- [Aim of the task] Starting at the line with "Ginevra 2010: tutte" and ending at the line with "Pelicans @ Suns", print exactly the lines of the entries below. Pictures do not belong in the copy.

---------- Input for this task

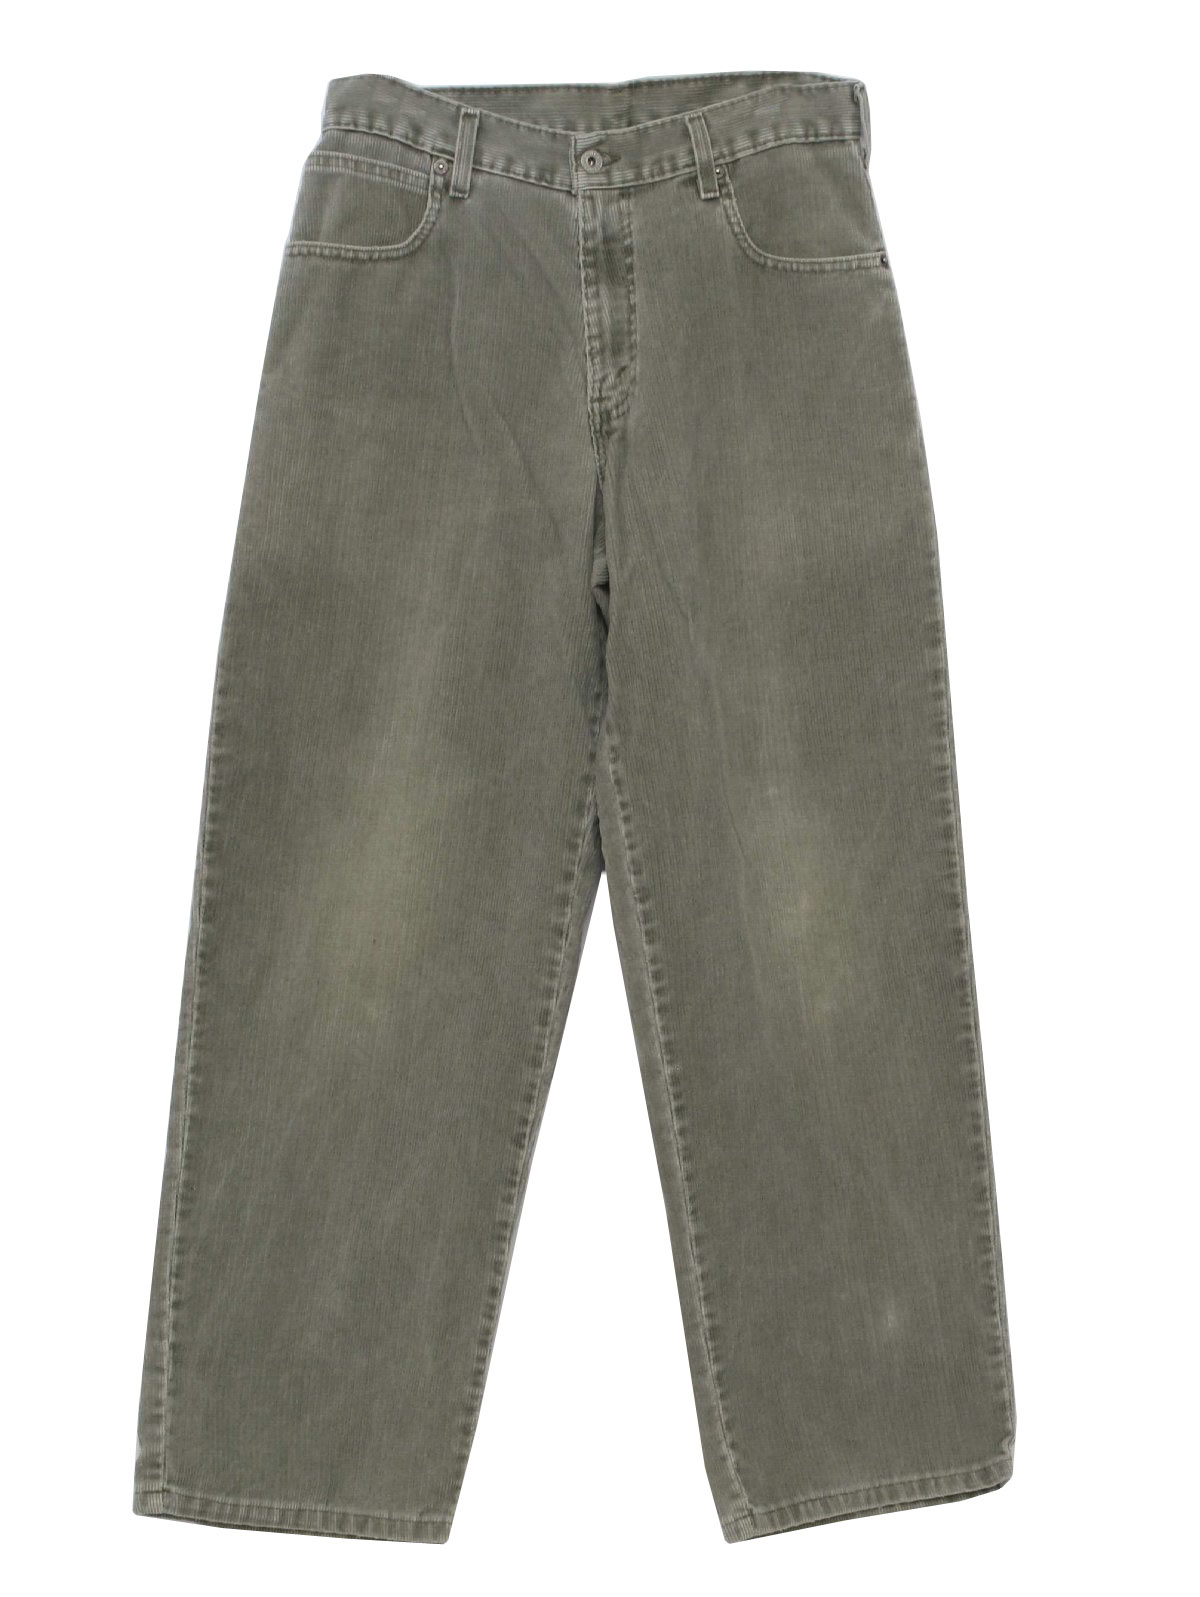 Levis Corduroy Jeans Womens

--------------------
---------- Input for this task

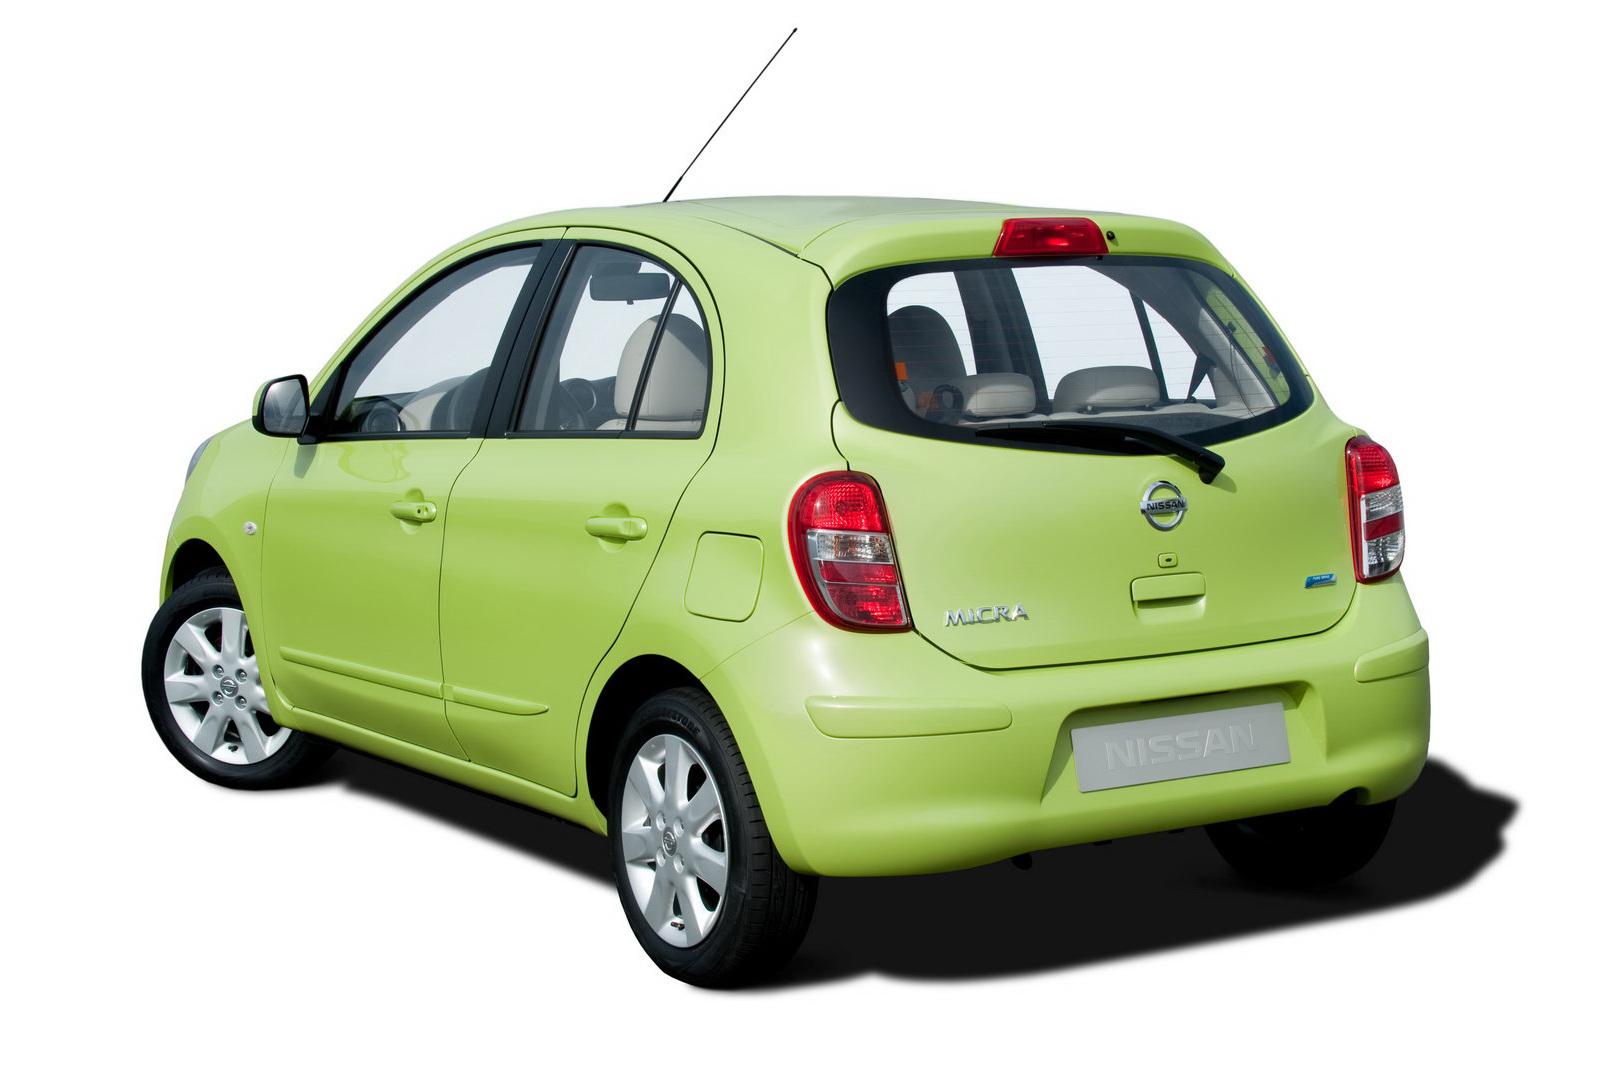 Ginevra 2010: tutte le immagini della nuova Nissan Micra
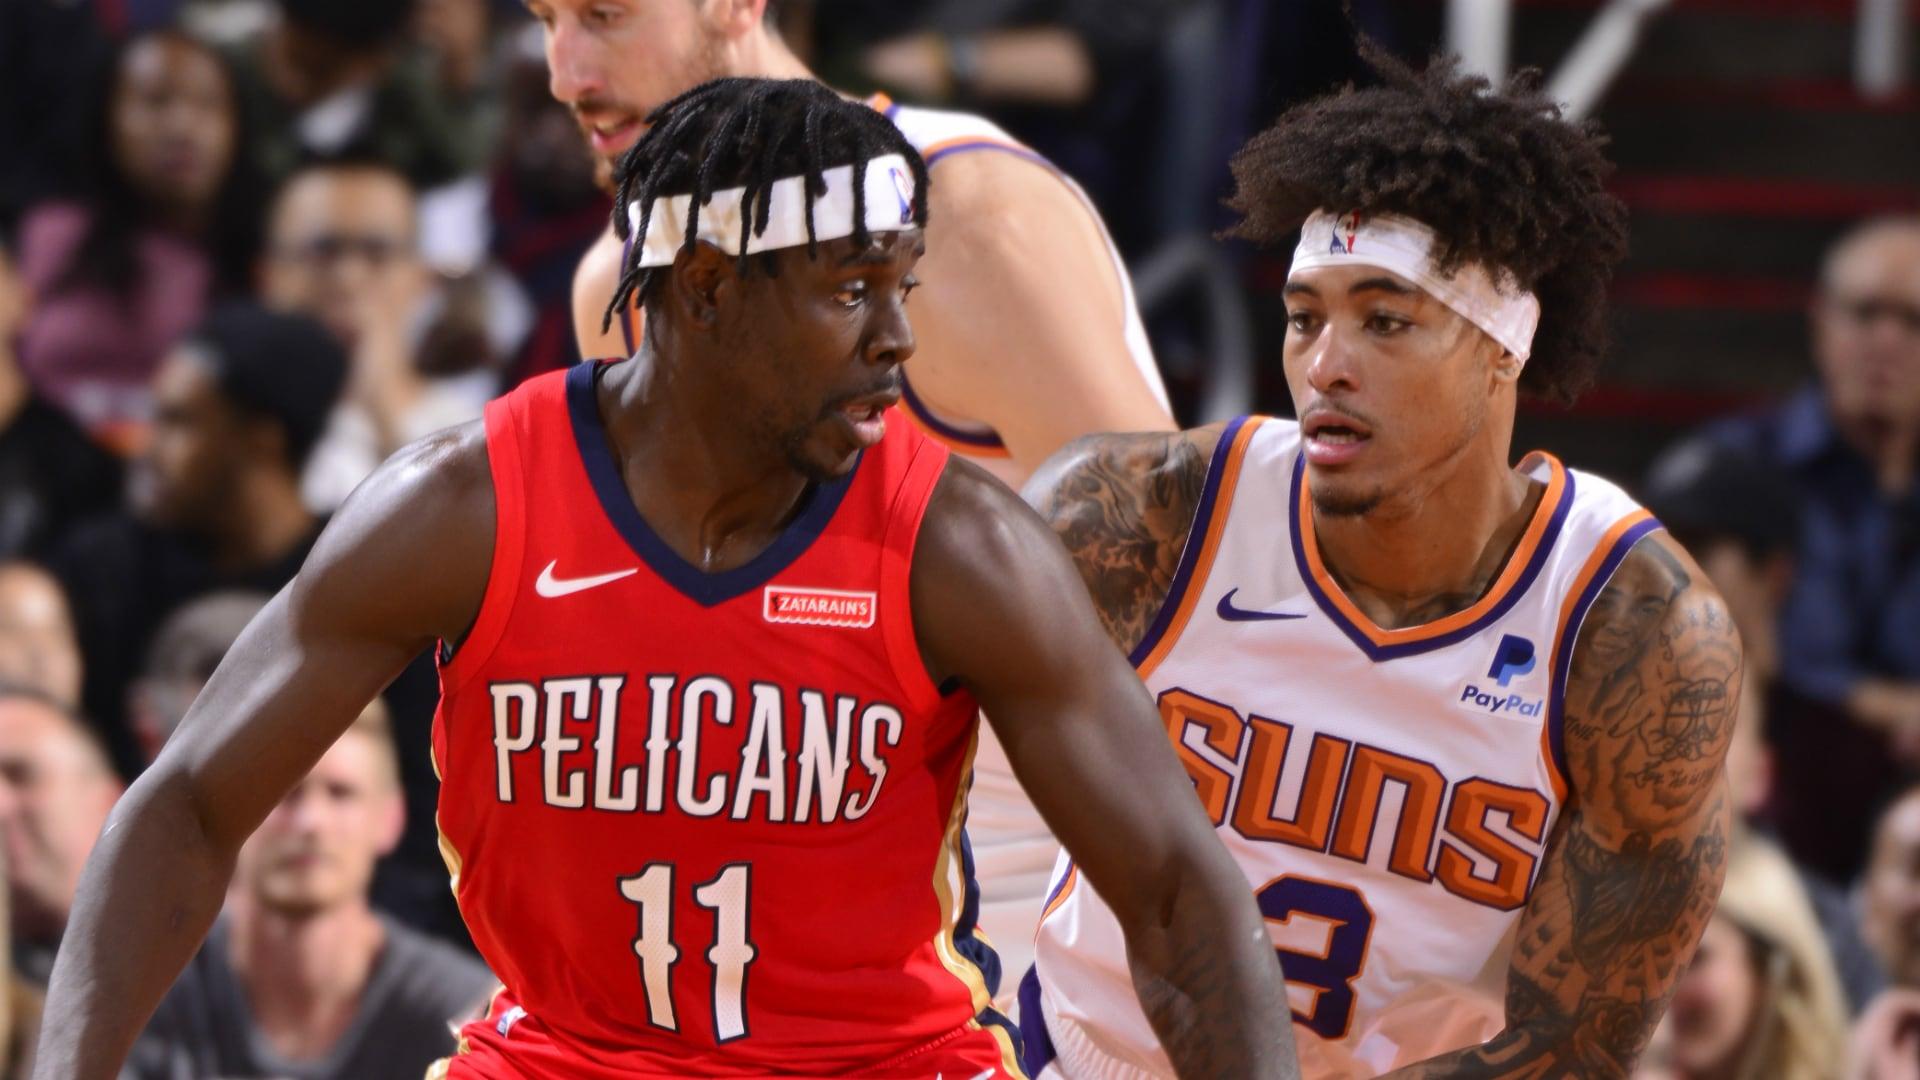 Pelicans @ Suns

--------------------

- [Answer below]
 Ginevra 2010: tutte le immagini della nuova Nissan Micra
 Pelicans @ Suns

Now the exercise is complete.